With regard to exploratory differences by clinical role, provider age, and patient age (RQ3), we found several group differences. Reflecting their respective training backgrounds, medical providers were more likely to endorse the potential benefit of medication management apps, whereas psychosocial providers were more likely to use and/or perceive potential benefit in pain management, mental health, and sleep health apps. The use of mHealth apps was generally consistent across oncology provider age groups (≤45 and ≥46 years) and patient population (pediatric care providers and adult care providers). However, older providers (age≥46 years) and those providing care to adult patients used more disease management tools, whereas pediatric providers used more medical team communication apps.

Comparison With Prior Work

Our study expands on the background literature on oncology providers’ attitudes toward mHealth apps by soliciting perspectives of those in various clinical roles, not exclusively oncologists; expanding mHealth app functions beyond disease management; and identifying perceived barriers to and facilitators of implementation in oncology care settings. Our findings are consistent with previous studies that have reported that oncologists primarily use mHealth tools for telehealth and medical team communication and rarely use mHealth tools for disease management and follow-up care [40]. Of note, we also found that medical and psychosocial providers alike are interested in using mHealth apps focusing on a wide range of psychosocial care functions to their patients and perceived them to have clinical utility. This was consistent with the literature on patients with cancer and those who have survived cancer, showing high rates of acceptance of mHealth apps but low rates of adoption [60-64]. Specific patient facilitators and barriers beyond demographic and disease characteristics have not yet been examined.
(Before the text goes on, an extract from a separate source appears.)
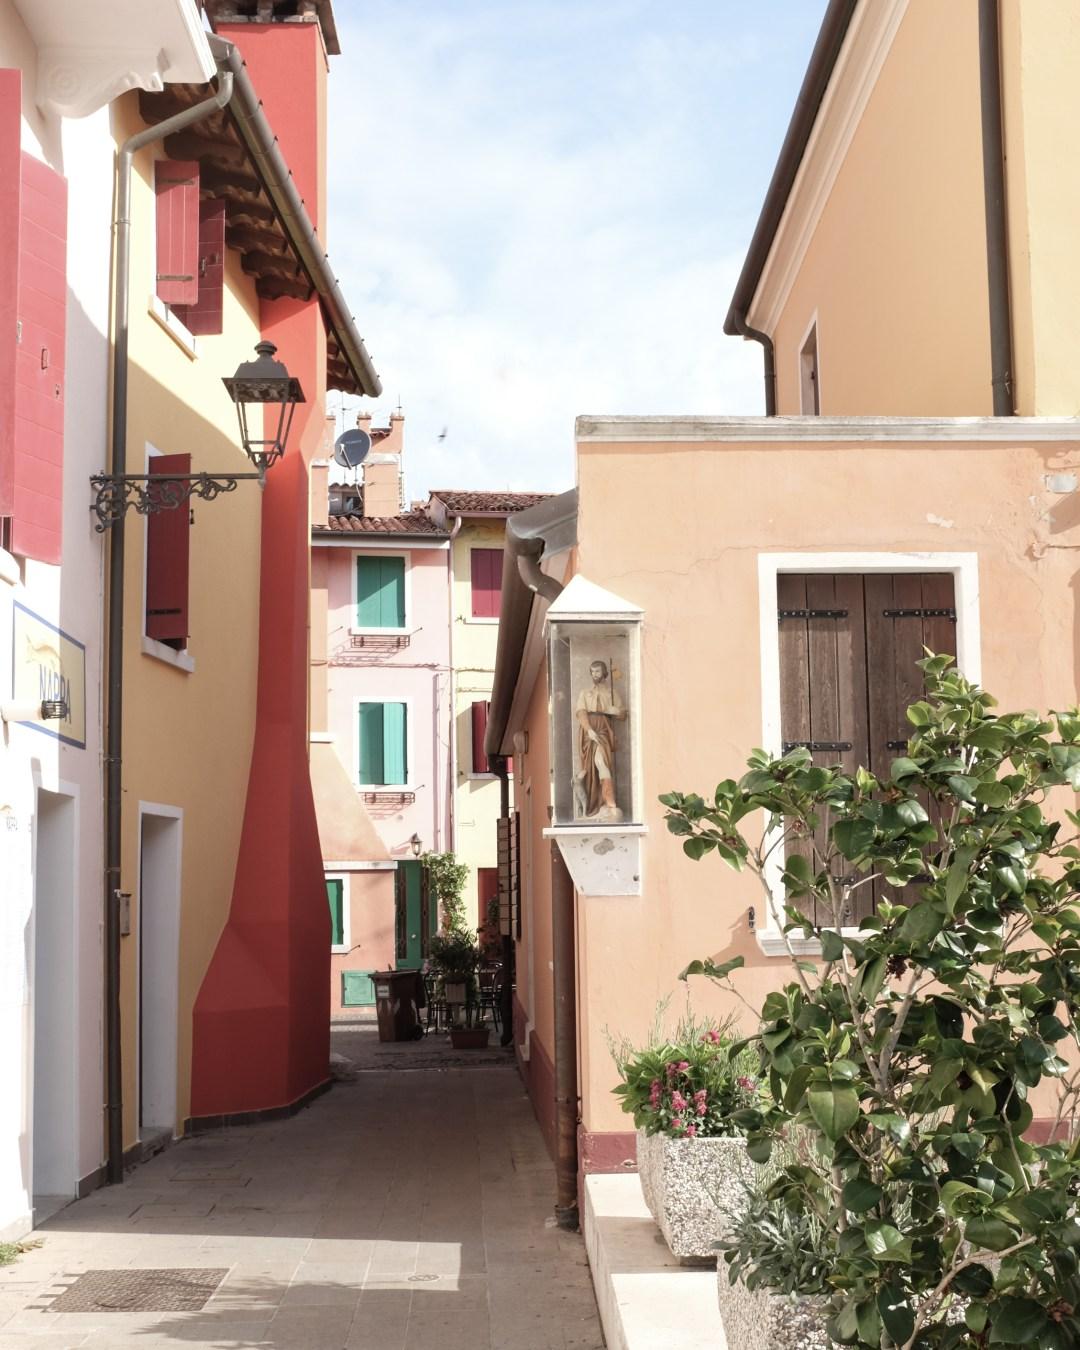 inastil, Ü50Blogger, Caorle, Familienurlaub, Italienurlaub, Strandurlaub, Italienliebe, Italien, Sommerurlaub, Urlaubstipps, Hoteltipp, Familienurlaub in Italien,_-15

Studies examining patient preferences have predominantly focused on disease management apps [60,62-66]. Consistent with the background literature, we found that a primary barrier identified by providers is disparities in access to technology [21,40,67]. However, research has shown that mHealth technologies are universally accessible to individuals regardless of income level, rurality, or marginalized status [3,4,68]. In the United States, 79%-94% of individuals from low-income households (<US $30,000) have access to smartphones, computers, and tablets [3,4,69]. Digitally deployed health interventions have also been proposed for populations/persons experiencing homelessness as viable alternatives to in-person services to overcome traditional access care barriers [68,70,71]. In the United States, 91% of individuals own a smartphone, 95% use the internet, and 90% have a high-speed internet subscription at home [1,3,4,69]. Universal use of smartphones holds across the age continuum, with 95% of teens/young adults, 95%-97% of adults aged>45 years [2-4,72], and 76%-79% of older adults aged>65 years owning a smartphone [4,69,72]. Digital technologies (smartphones, computers, tablets) have become significantly more affordable in recent years, and their rapid adoption has been further accelerated by the COVID-19 pandemic.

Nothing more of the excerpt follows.